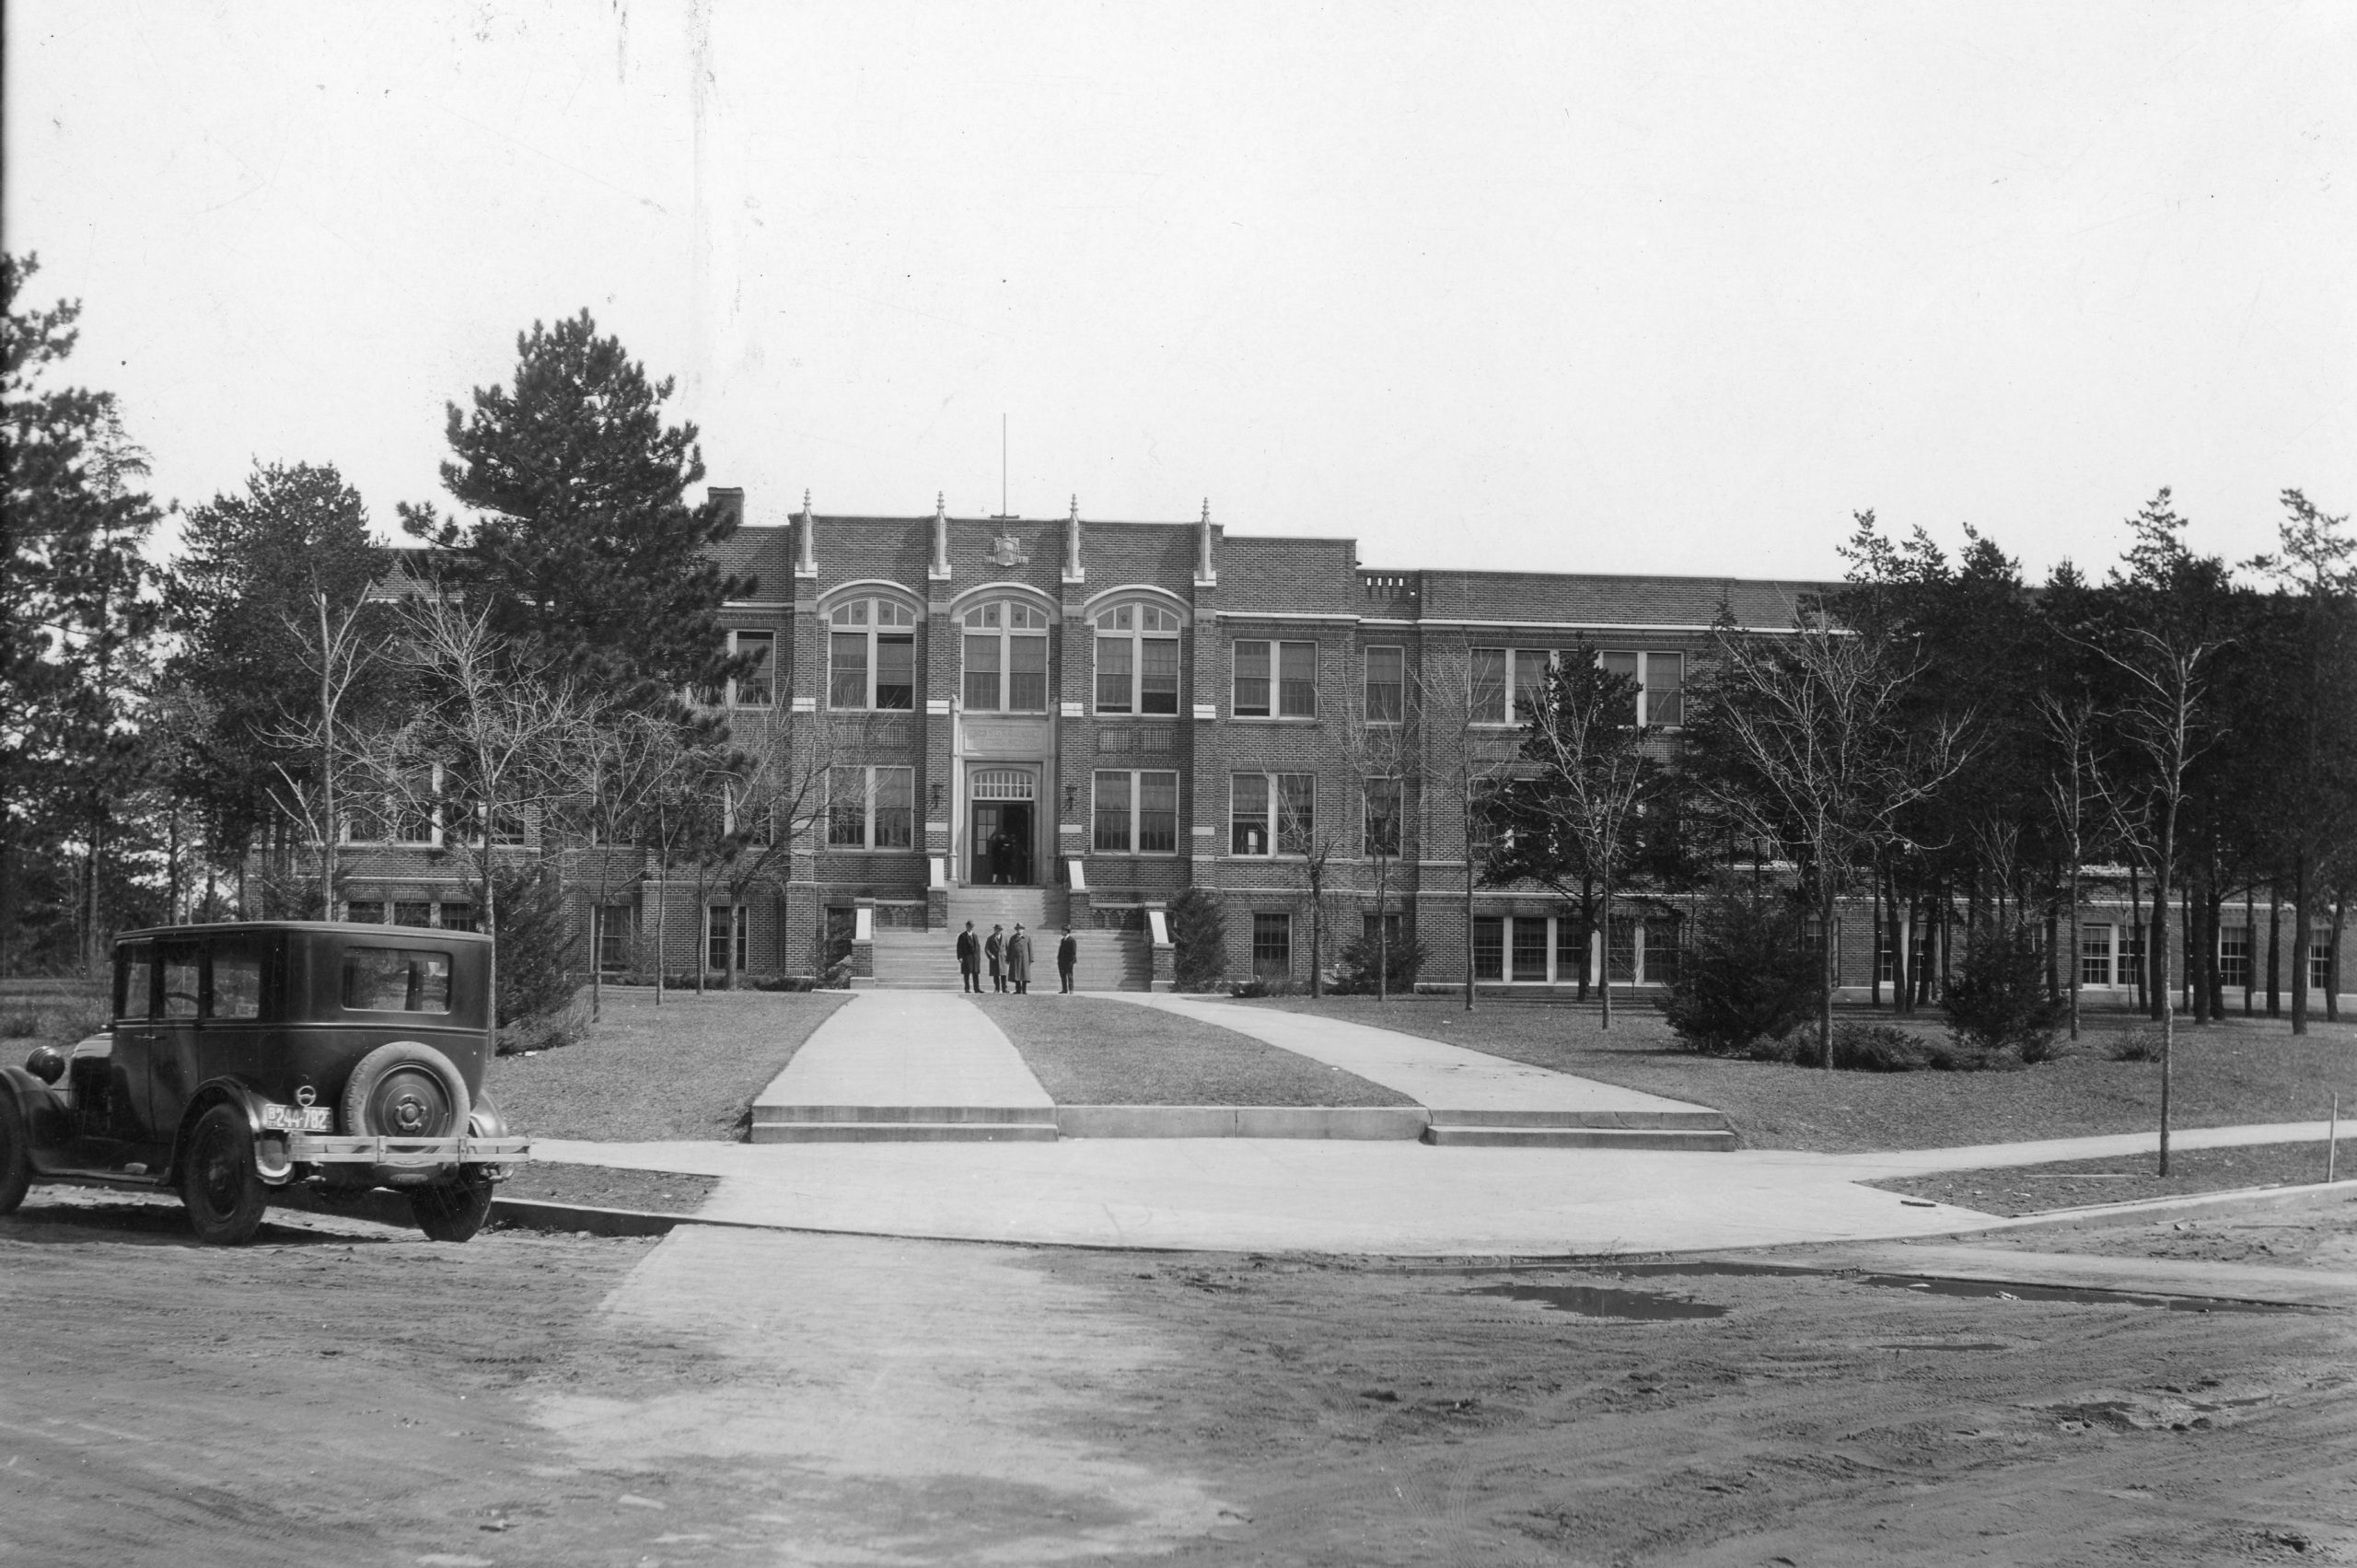 “The Main” in 1920, which remains today as Deputy Hall.
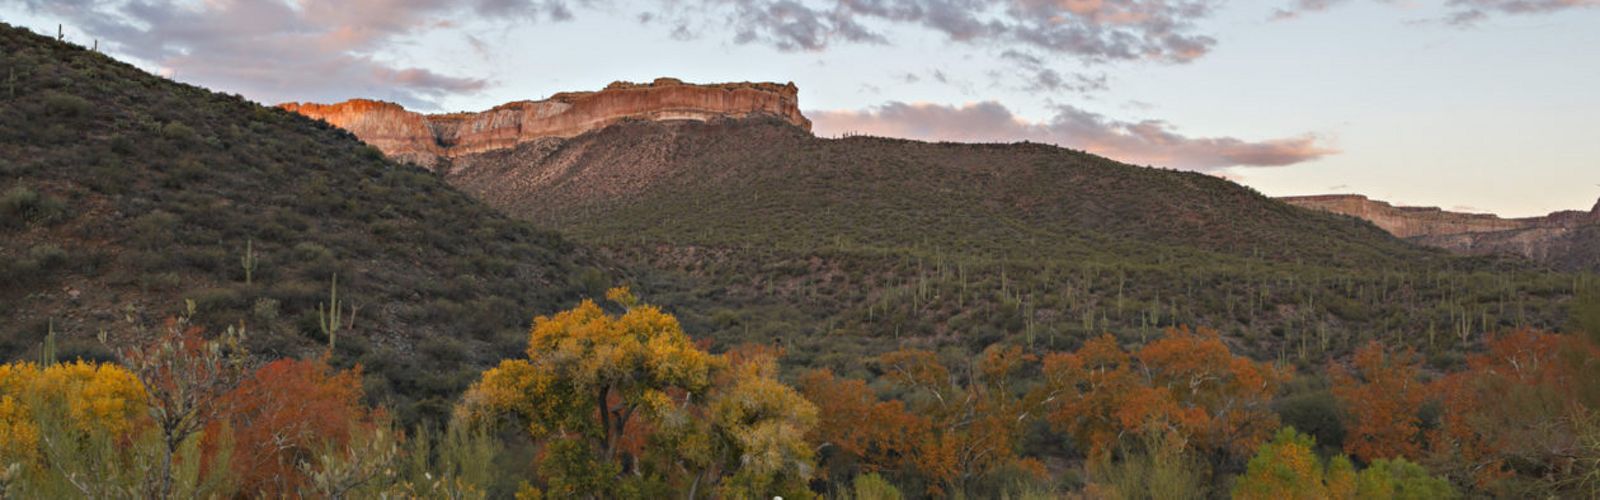 The vertical cliffs of Aravaipa Canyon stand as witness to the lowlands that meet the northern edge of the Galiuros in Arizona.
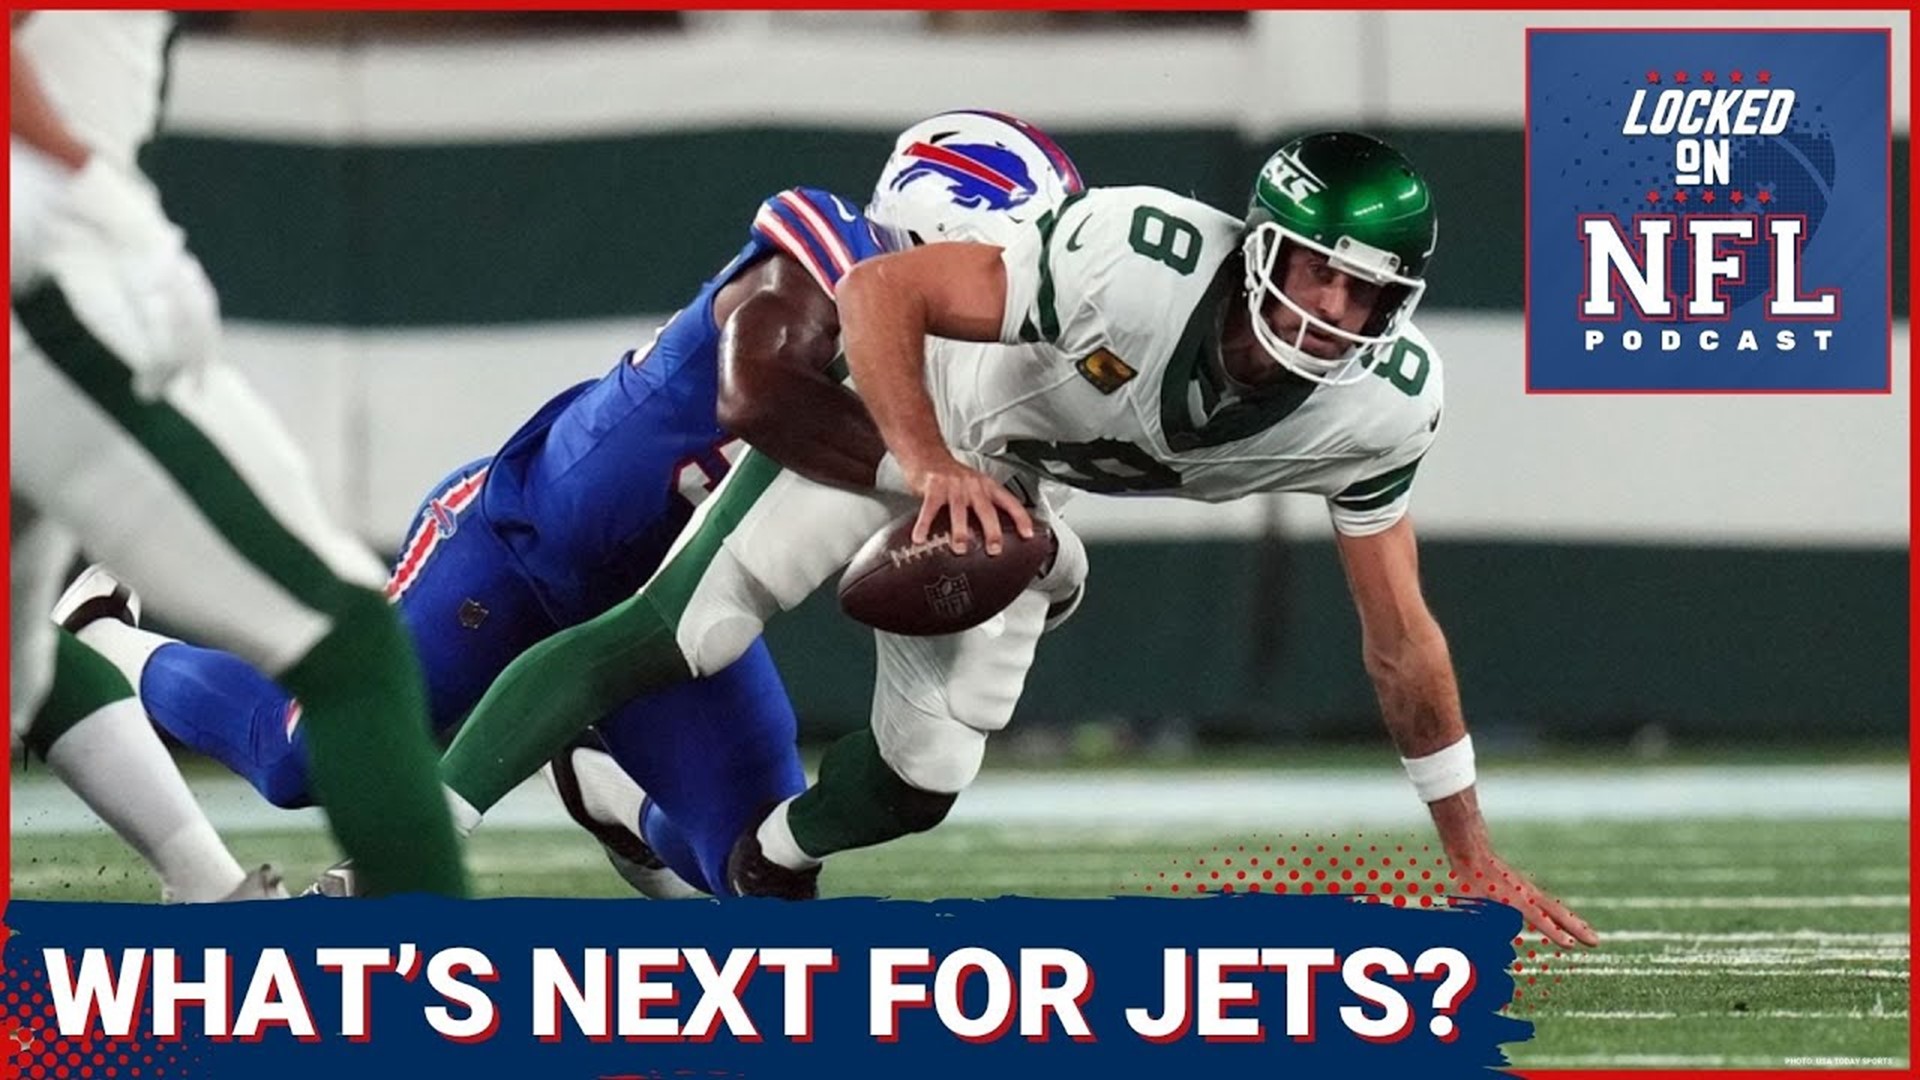 What should the New York Jets do following Aaron Rodgers' season ending Achilles injury? James Rapien and Tony Wiggins discuss Tom Brady.
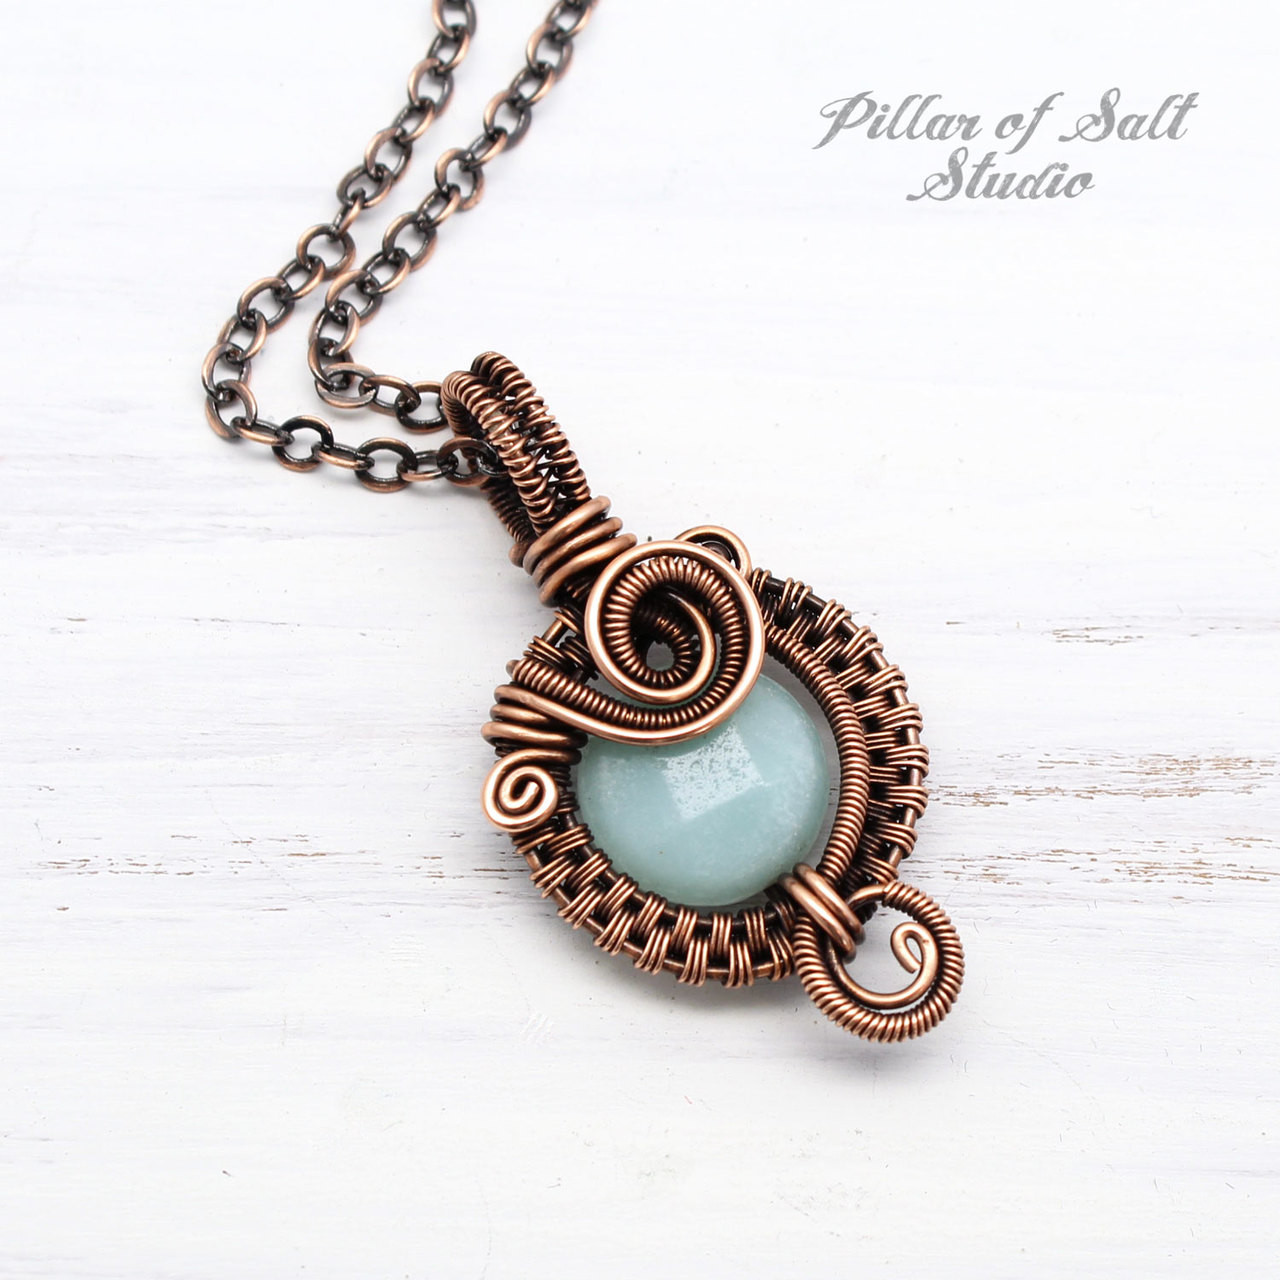 Solid Copper Chain necklace - Great option for Pendants - Pillar

### Task directions:
Each line above must be set down exactly, though no picture should be carried over.

### Response:
 “The Main” in 1920, which remains today as Deputy Hall.
 The vertical cliffs of Aravaipa Canyon stand as witness to the lowlands that meet the northern edge of the Galiuros in Arizona.
 What should the New York Jets do following Aaron Rodgers' season ending Achilles injury? James Rapien and Tony Wiggins discuss Tom Brady.
 Solid Copper Chain necklace - Great option for Pendants - Pillar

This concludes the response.